FIG. 2 is a flowchart for explaining a method for training a first machine learning model according to an embodiment of the present disclosure. The methods illustrated in FIGS. 2, 10, 12, 15, and 16 are merely exemplary embodiments to achieve the objectives of the present disclosure, and it is obvious that certain steps may be added or omitted as necessary. In addition, the methods illustrated in FIGS. 2, 10, 12, 15, and 16 may be performed by at least one processor included in a computing system (e.g., the processor illustrated in FIG. 17). For convenience of explanation, the methods illustrated in FIGS. 2, 10, 12, 15, and 16 will be described as being performed through the plagiarism detection system 30 illustrated in FIG. 1.

Referring to FIG. 2, a plagiarism detection system may collect at least one original thesis (S110). For example, the plagiarism detection system may access a thesis registration system and receive at least one original thesis from the thesis registration system.
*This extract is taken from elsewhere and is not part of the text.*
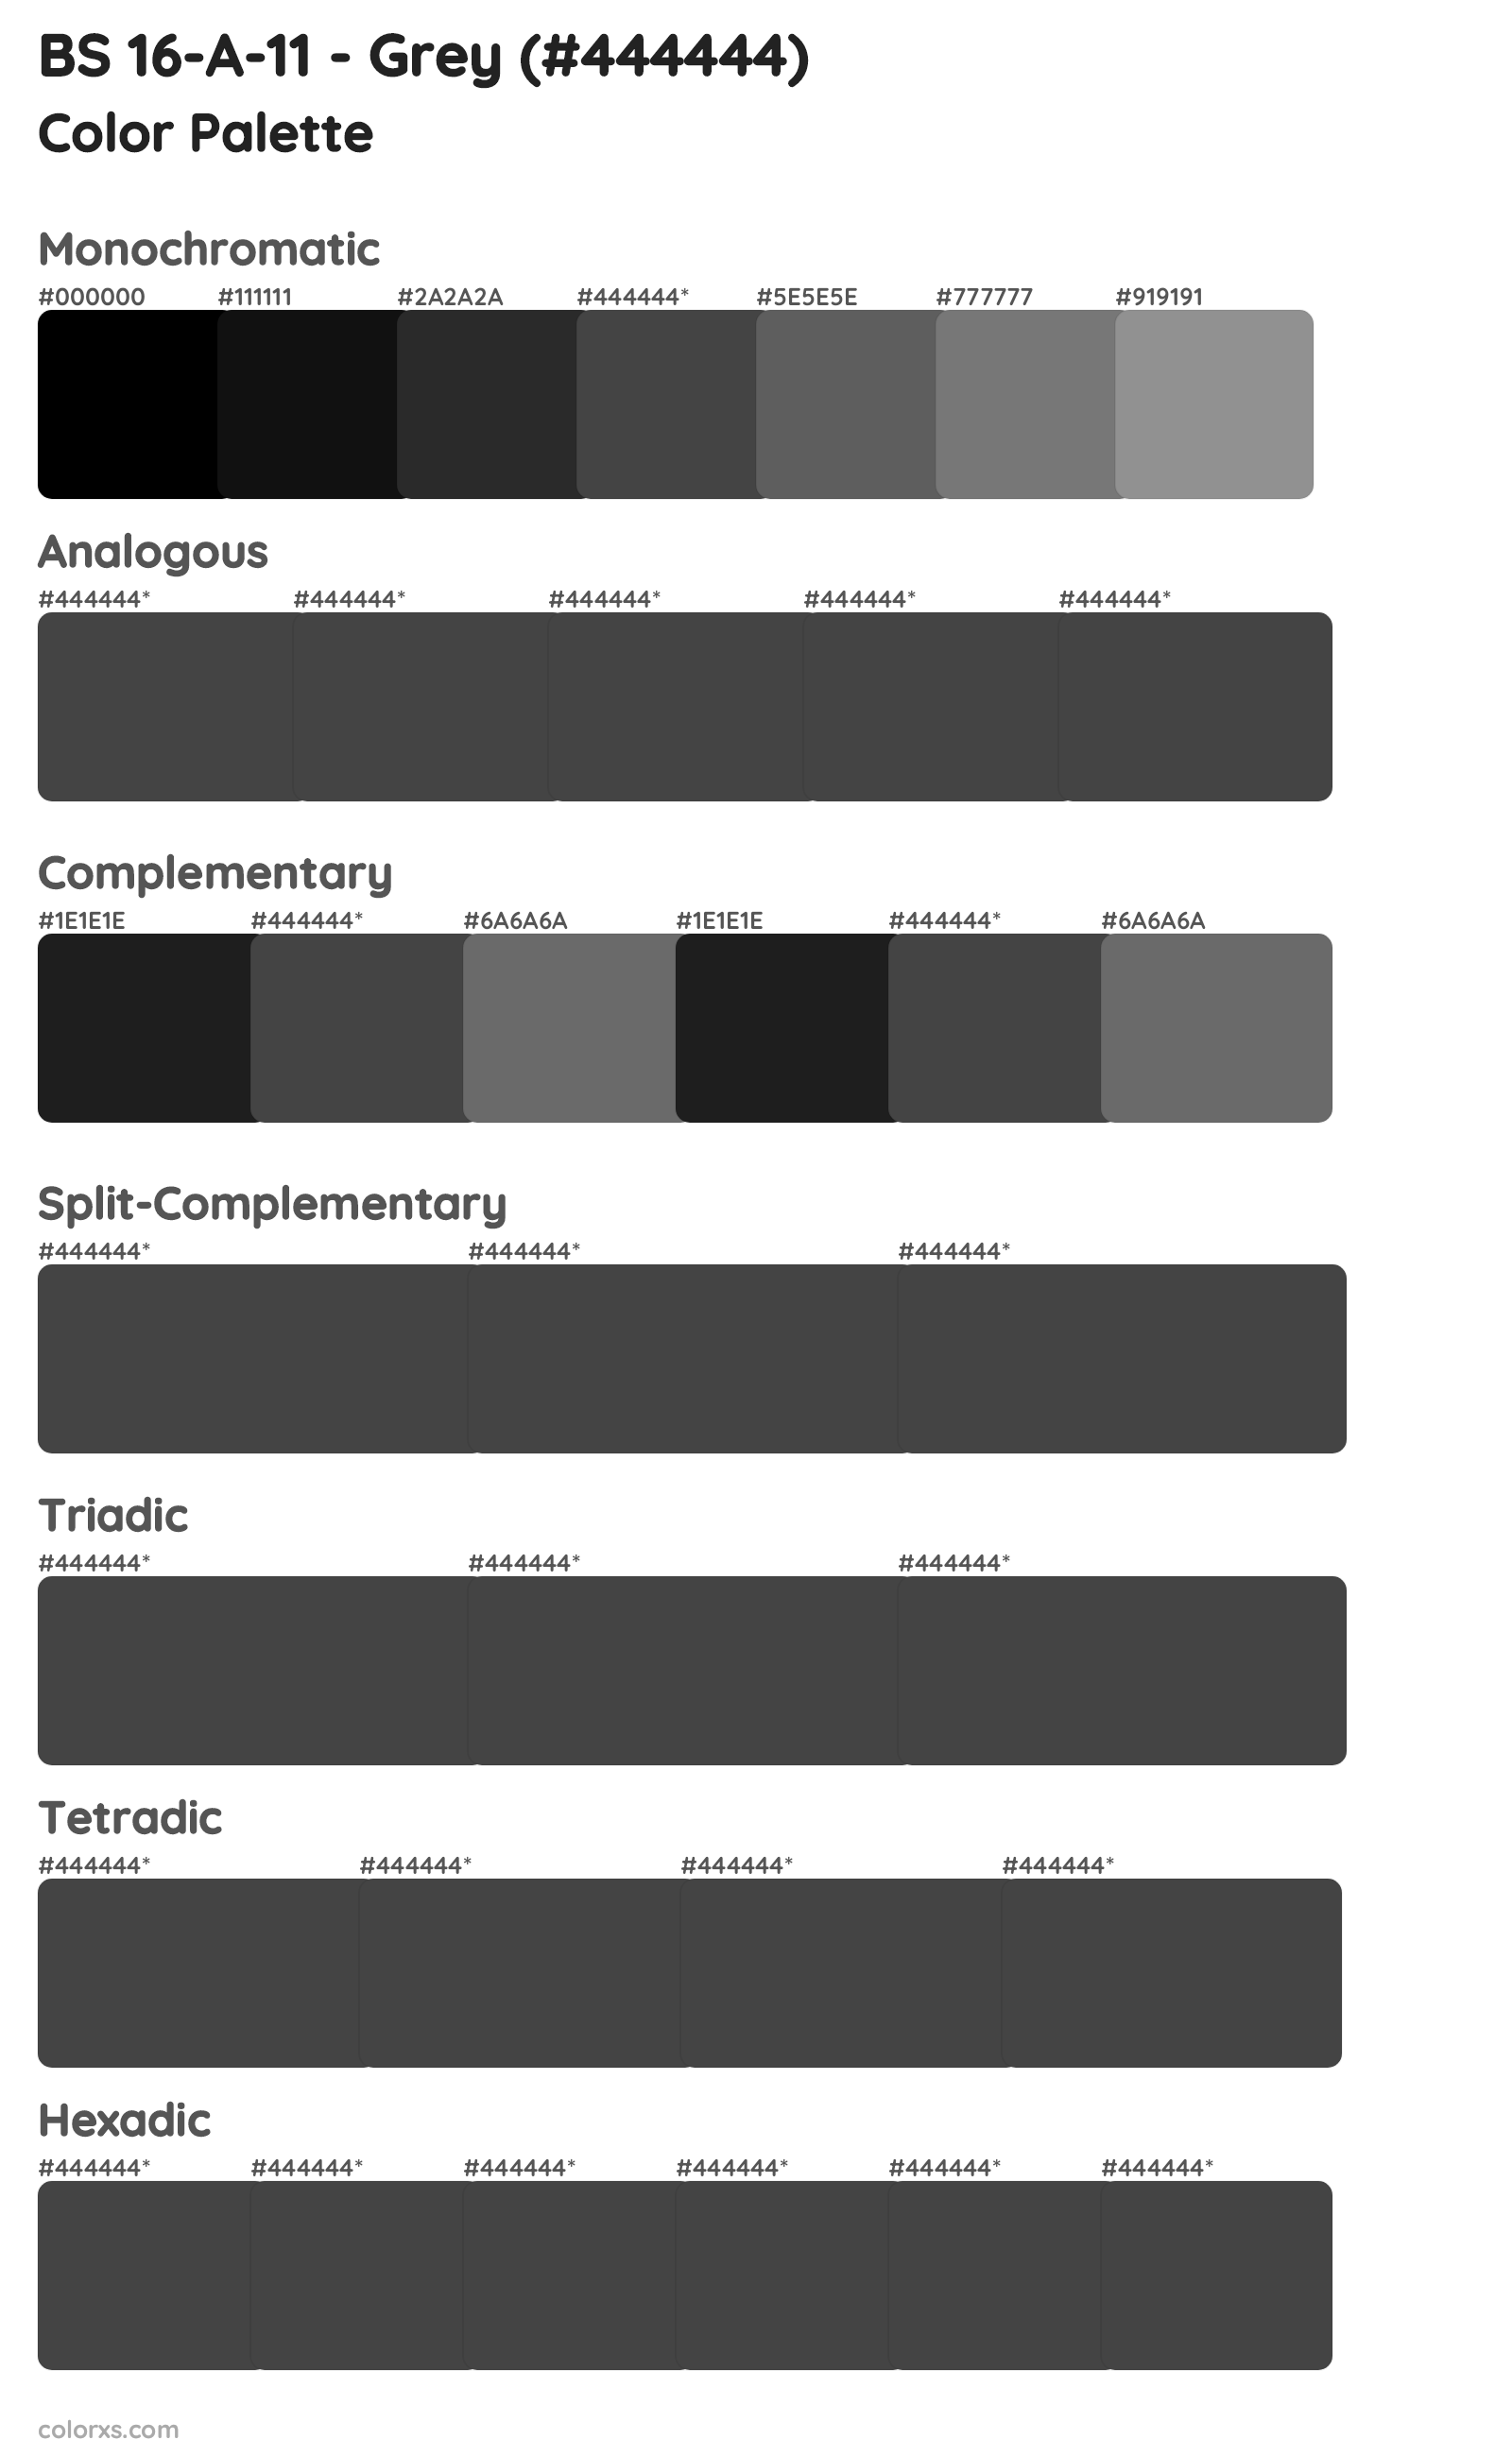 BS 16-A-11 - Grey Color Scheme Palettes

Thereafter, the plagiarism detection system may extract at least one figure data from the collected original thesis (S120). According to one embodiment, the plagiarism detection system may apply the original thesis to a second machine learning model and extract at least one figure data from the original thesis. Applying the original thesis to a machine learning model may be understood as the machine learning model performing an inference operation based on the original thesis and outputting figure data. According to one embodiment, the second machine learning model may be configured to extract images included in a thesis, captions for the images, and descriptions associated with the images, and to output figure data including the text comprising the captions and descriptions, as well as the images. The method for training the second machine learning model will be described later with reference to FIG. 3.

As another example, the plagiarism detection system may extract images included in a thesis, captions associated with the images, and descriptions related to the images based on predetermined figure data extraction rules, and generate figure data including the extracted images, captions, and descriptions.

According to one embodiment, the number of figure data extracted from a thesis may be proportional to the number of images included in the thesis. For example, if there are n images in the thesis (where n is a natural number), n or fewer figure data may be extracted.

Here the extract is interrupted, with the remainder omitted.